Одно лицо открывалось только глазам, другое – кончикам пальцев и сердцу. Первое – все равно что наука, которой обучали в музеях и галереях. Оно смотрело с экрана и бумажных листов журналов. И человек учился рассекать его золотым сечением на пропорции, соответствия. Навсегда вооружившись золотым скальпелем, он легко препарировал виденное – на красивое и некрасивое. Заглушая сердце, не давая ему узнать то, что глазу не видно. Ту красоту, которая не утратит себя, пусть даже в подвале. Она сохранится, как помидоры в рассоле. Ничего с ней не сделается – не испортится она, не сгниет.
«А вот взять Шанель, – подумала Люда. – Взять ее и поместить в этот подвал. Все, конец ей – Шанели. Бабушка права – Шанель слепым не нужна».
Однажды, вконец осмелев, Люда достала из шифоньера заветную коробочку, раскрыла и провела пуховкой по розовому кружку. Пудра ссохлась от долгого хранения – на поверхности кружка осталась глянцеватая полоса. Эх, долго бабушка ждала оказии, закупоривая красоту в глухом шифоньере. Люда наковыряла пудру ногтем и размазала ее по щекам.
– Шанель… Шанель… – повторяла она, размазывая бетонную пыль по щекам.
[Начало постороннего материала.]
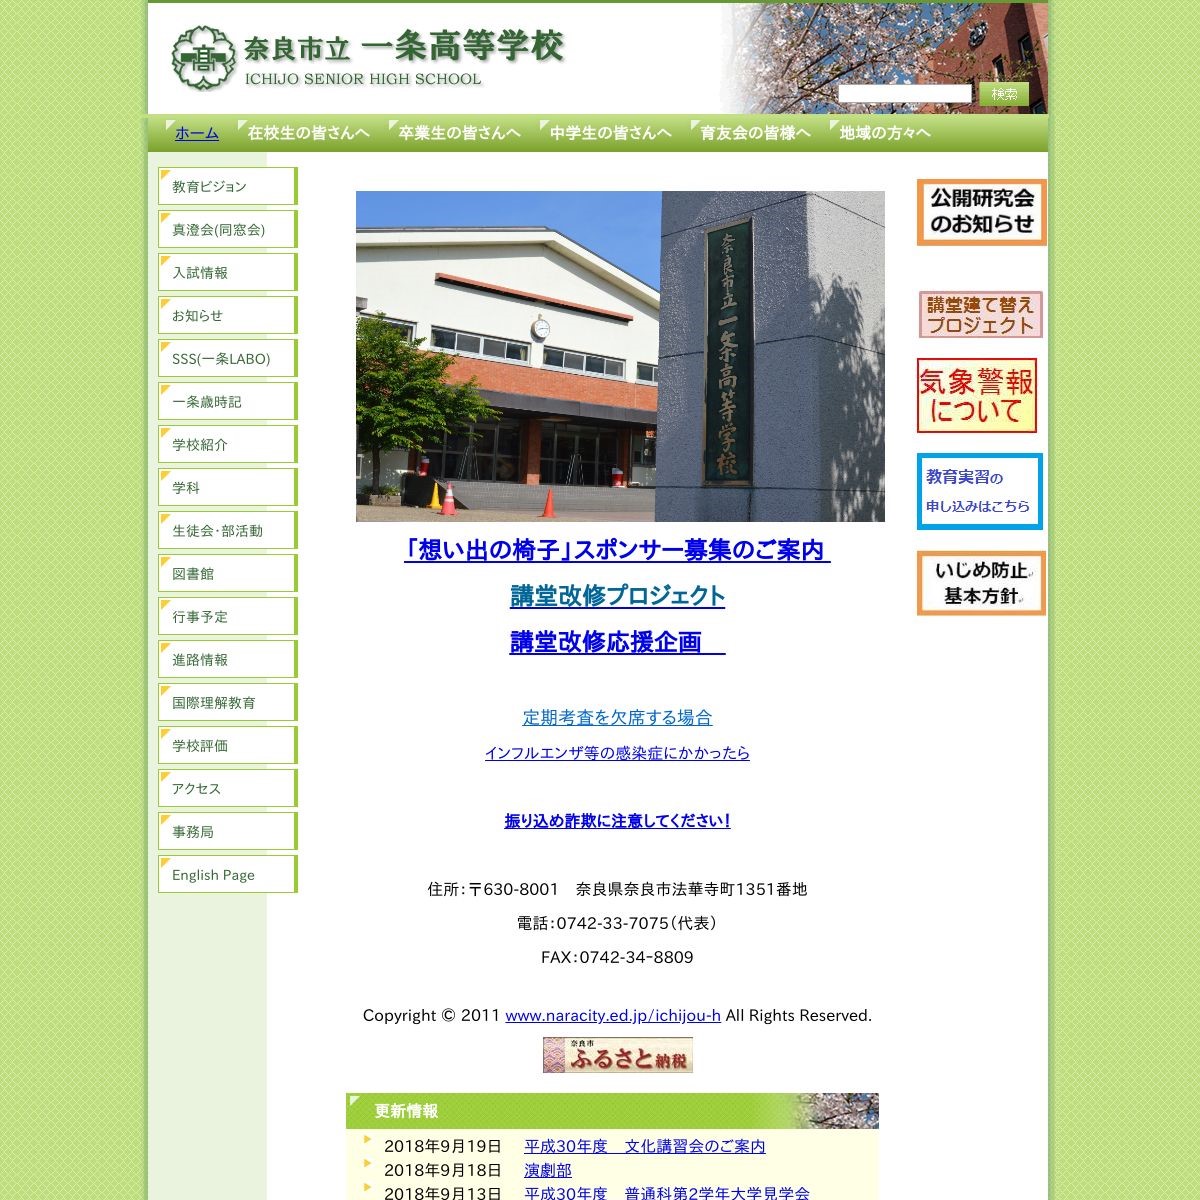 奈良市立一条高等学校ハンドボール部

– Эний переступил порог. Чтобы узнать, отличается ли этот дом от земного, он решил все в нем ощупать и прикоснулся к столам, стульям, дивану…
Уайз почувствовал продолжение своей истории. Не ее ли он нащупывал в плотном воздухе подвала? Люда прикрыла глаза и отдалась темноте, в которой брела, устало переставляя распухшие ноги, держась за тонкую ниточку фантастического повествования, чтобы не сбиться с дороги жизни.
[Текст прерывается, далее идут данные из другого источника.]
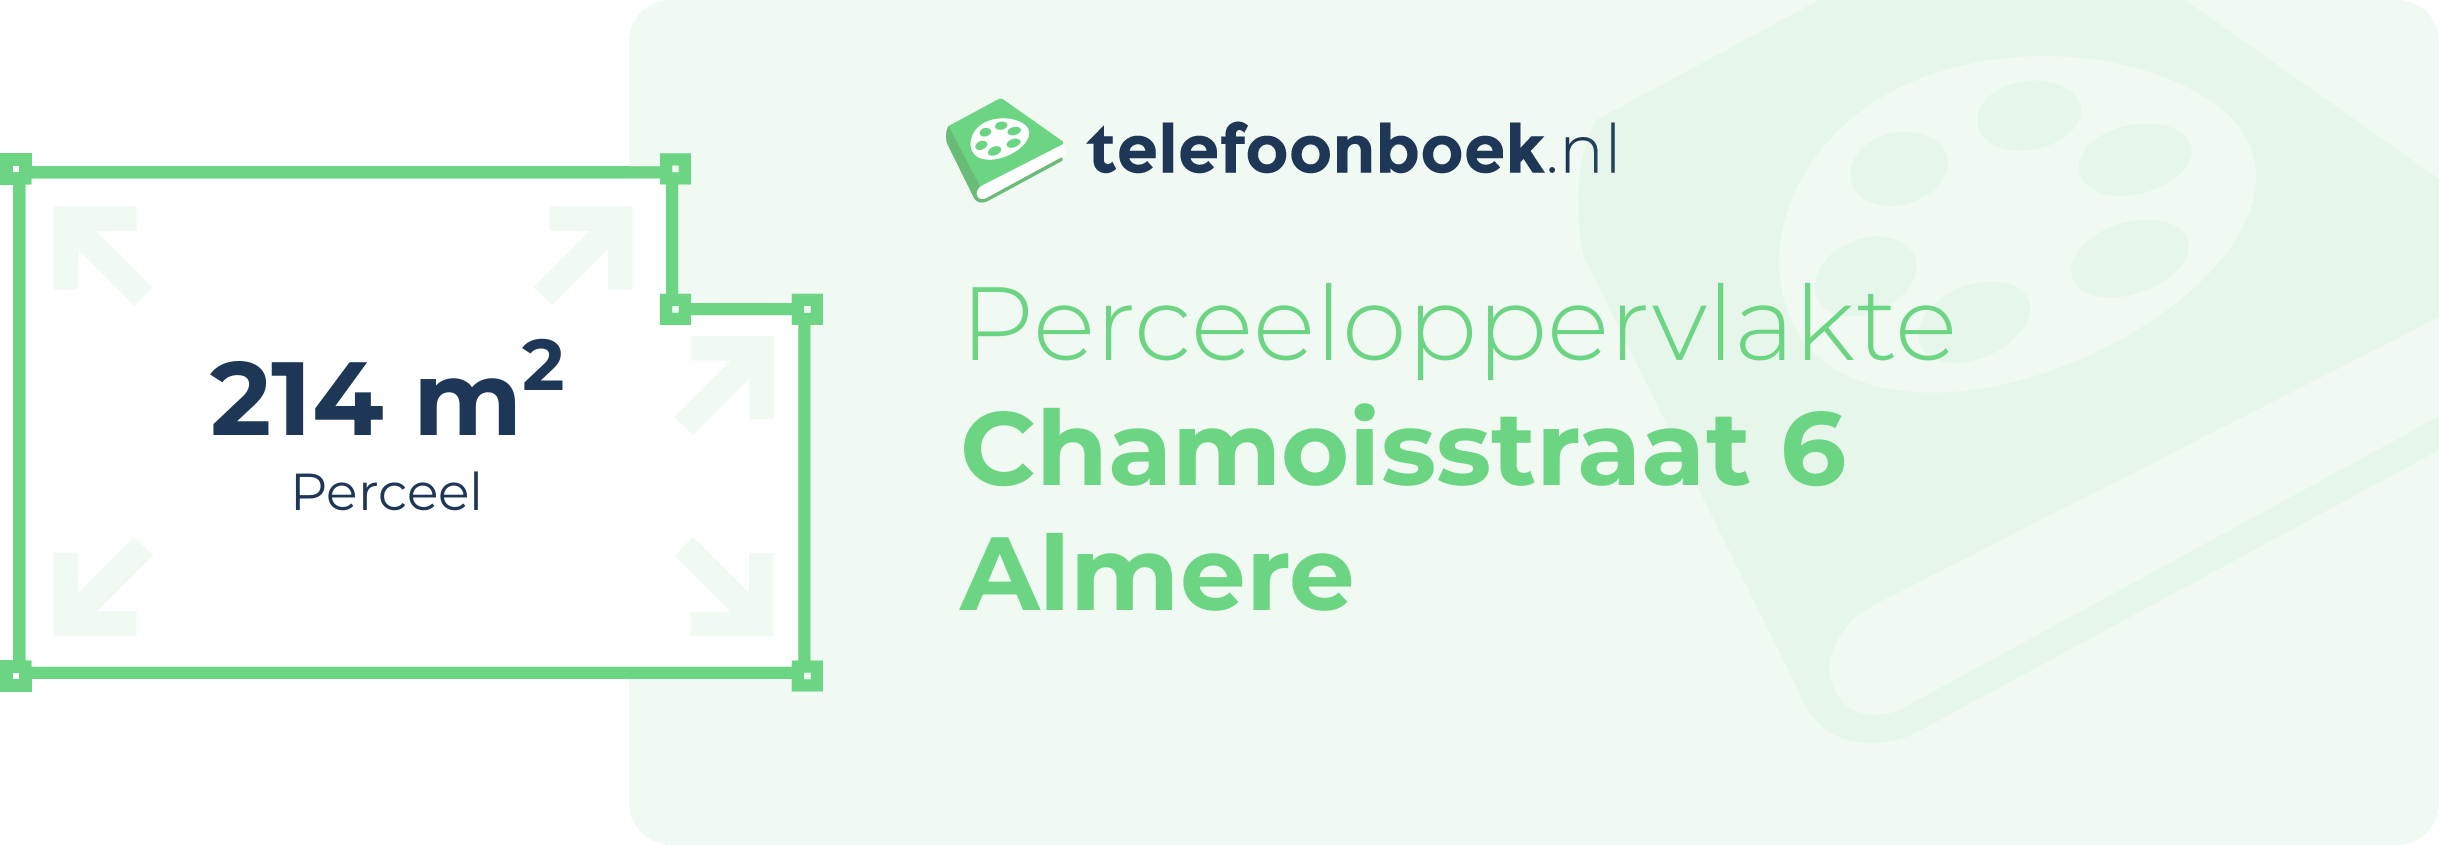 Perceeloppervlakte Chamoisstraat 6 Almere

Эний переступил порог. Чтобы узнать, отличается ли этот дом от земного, он решил все в нем ощупать и прикоснулся к столам, стульям, дивану в темно-розовой обивке. Черный и розовый – цвета новой планеты. В комнате работал телевизор, Эний узнал его по звуку, но экранное изображение он видел впервые. На экране девушки в широких розовых сарафанах пели звонкие песни. Эний поискал руками что-нибудь необычное – что подтверждало бы: да, ты на другой планете. Без этого в космический полет не верилось. В окно светило розовое солнце. А вдруг это – затянувшийся сон, и нет никакой планеты, Гермиона и Великого Раба. Эний ущипнул себя за ногу. Комната не исчезла.